Only the pictures are to be dropped; return all other data below exactly.

---------- TASK MATERIAL ----------

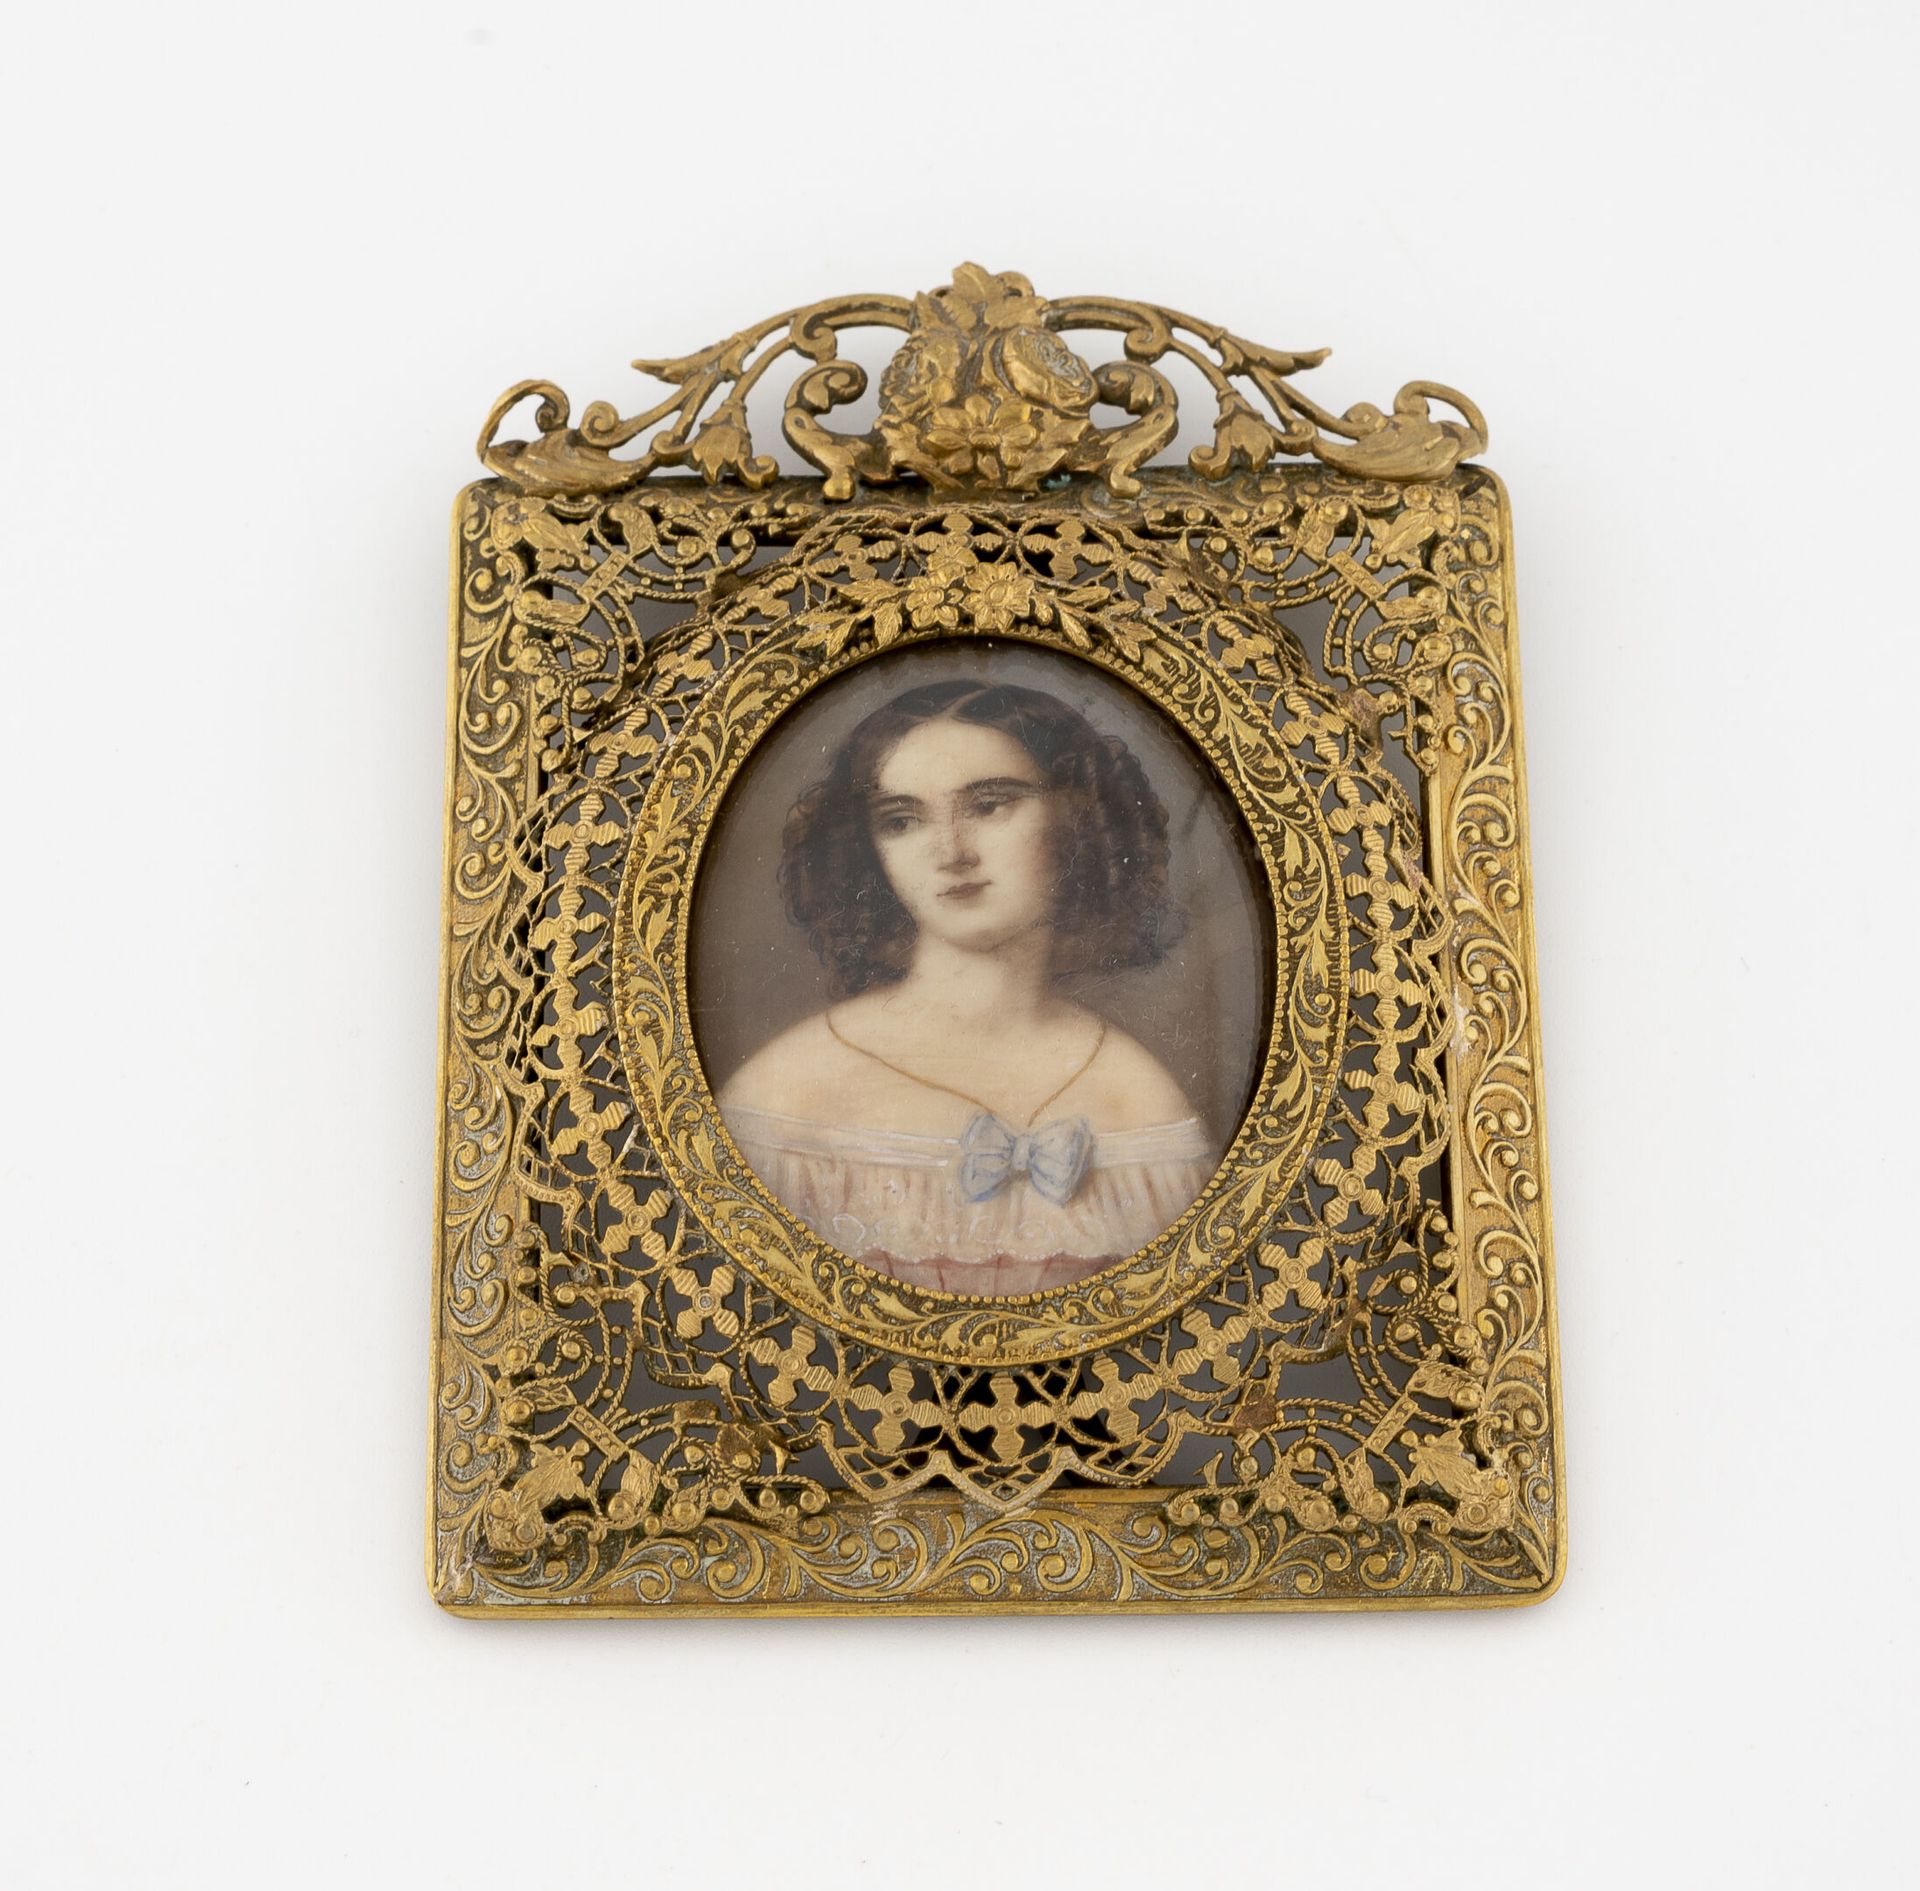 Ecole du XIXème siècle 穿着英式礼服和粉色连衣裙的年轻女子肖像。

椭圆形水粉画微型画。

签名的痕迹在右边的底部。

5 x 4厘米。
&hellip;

----------

### ANSWER FOR THE TASK
 Ecole du XIXème siècle 穿着英式礼服和粉色连衣裙的年轻女子肖像。

椭圆形水粉画微型画。

签名的痕迹在右边的底部。

5 x 4厘米。
&hellip;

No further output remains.